Government Remains Funded, Lawmakers Return HomeSeptember 24, 2014
Late last week, President Barack Obama signed into law a fiscal year (FY) 2015 Continuing Resolution (CR)—H.J.Res 124—that will fund the government through Dec. 11. The House passed the CR by of vote of 319 to 108 last Wednesday and the Senate approved it by a vote of 78 to 22 on Thursday. The House and Senate will now be in recess until after the midterm elections in November.
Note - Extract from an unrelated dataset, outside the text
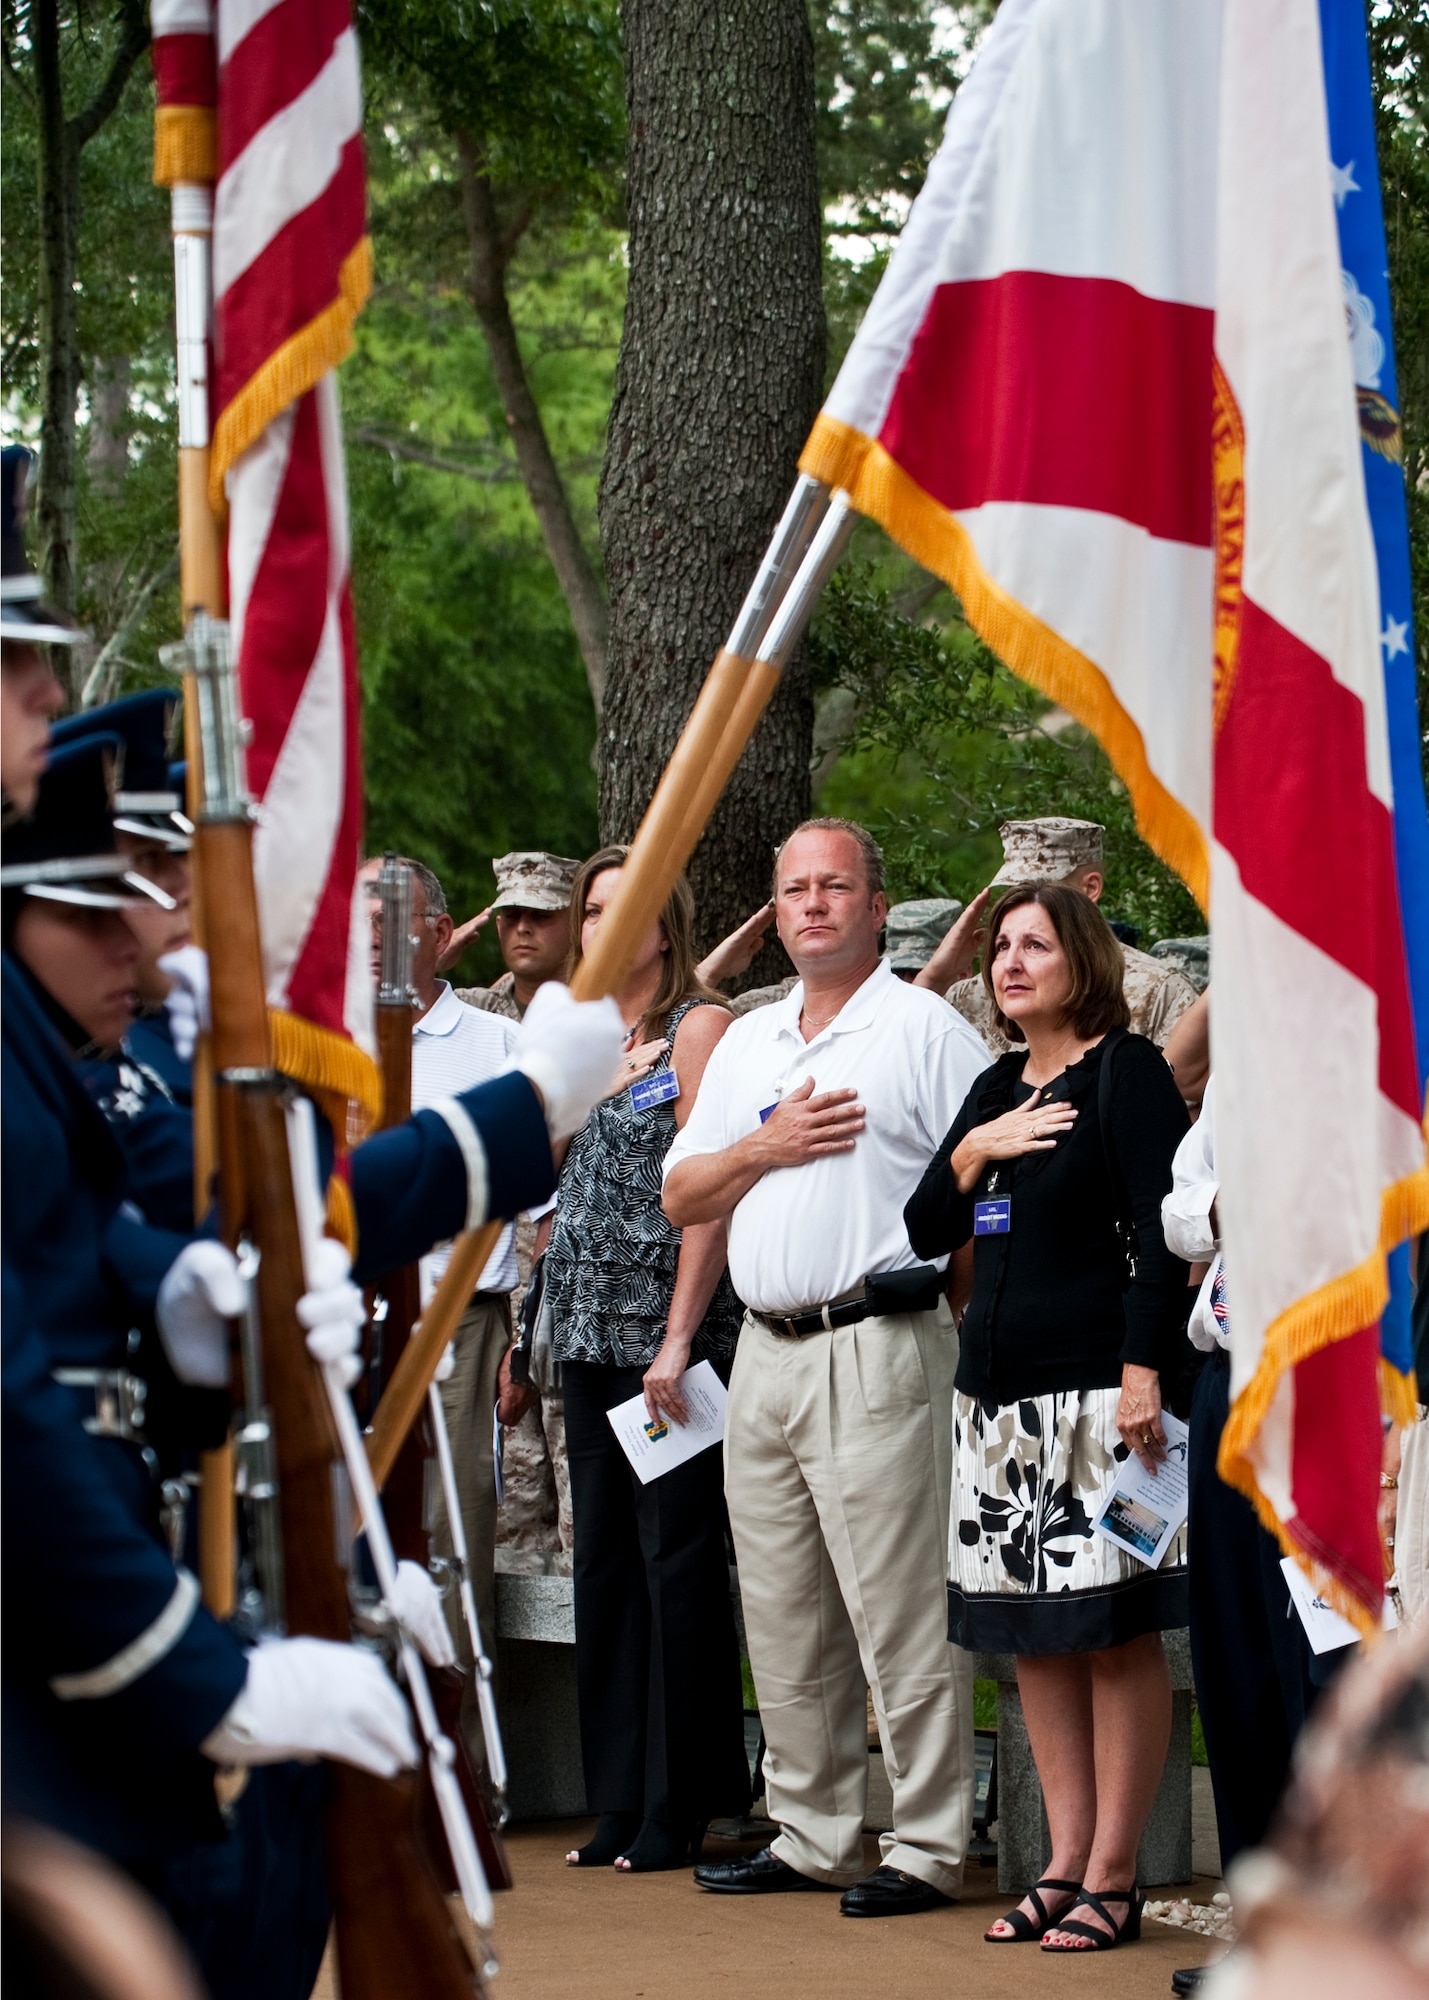 Family members of victims of the Khobar Towers bombing watch as the colors are presented at the Khobar Towers Memorial ceremony June 24, 2011, at Eglin Air Force Base, Fla. June 25 marks the 15th anniversary of the bombing. (U.S. Air Force photo/Samuel King Jr.)

To date, the House has only passed seven FY2015 Appropriations bills while the Senate has passed none. Congress will have less than one month to reach an agreement on the details of all 12 Appropriations bills, put them together in an Omnibus bill, and forward it to the president by the Dec. 11 deadline. If Congress does not meet this deadline it will have to pass another CR to avert a government shutdown.
H.J.Res. 124 continues funding for government programs and services at the current annual rate of $1.012 trillion, and this rate will remain in place for the length of the continuing resolution, or until Congress approves the annual Appropriations legislation for FY2015.
Final action on the CR came after an agreement was reached on a proposal to authorize the training and arming of Syrian rebels fighting Islamic State of Iraq and the Levant (ISIL) forces. It would also require the Pentagon to submit regular reports to Congress about the status of recruitment efforts and for the White House to alert Congress 15 days before any mission begins. Lawmakers want to move the authority to the defense authorization bill when they act on it in December.
Also included in the CR was a provision to extend the charter for the Export-Import Bank of the U.S. (Ex-Im) through June 30, 2015. As the official export credit agency of the U.S., Ex-Im provides loans, loan guarantees and insurance policies that increase export opportunities for U.S. businesses. Ex-Im was last reauthorized in May 2012, and the Bank’s current charter was set to expire on Sept. 30. By extending the Ex-Im charter through June, when there is no must-pass legislation on the docket–such as the CR–some are worried that may make it easier for opponents to dismantle the Bank.
Another inclusion in the bill was a provision extending the Internet Tax Freedom Act (ITFA) through the period of the CR ending on Dec. 11. Without action, the ITFA would have expired on Nov. 1, but now the moratorium on state and local Internet access taxes continues while also providing protections for Internet access taxes that were levied in certain states before October 1998 and grandfathered into the moratorium. The Internet tax moratorium has been in effect since 1998 and was last extended in 2007.
After passing the CR, House leaders opted to cut their already abbreviated fall session short, and, instead of remaining in Washington through the first week of October, Majority Leader Kevin McCarthy (R-Calif.) sent lawmakers back home and onto the campaign trail. Similarly, the Senate wrapped up early and they too, likely will not return until after the November congressional elections.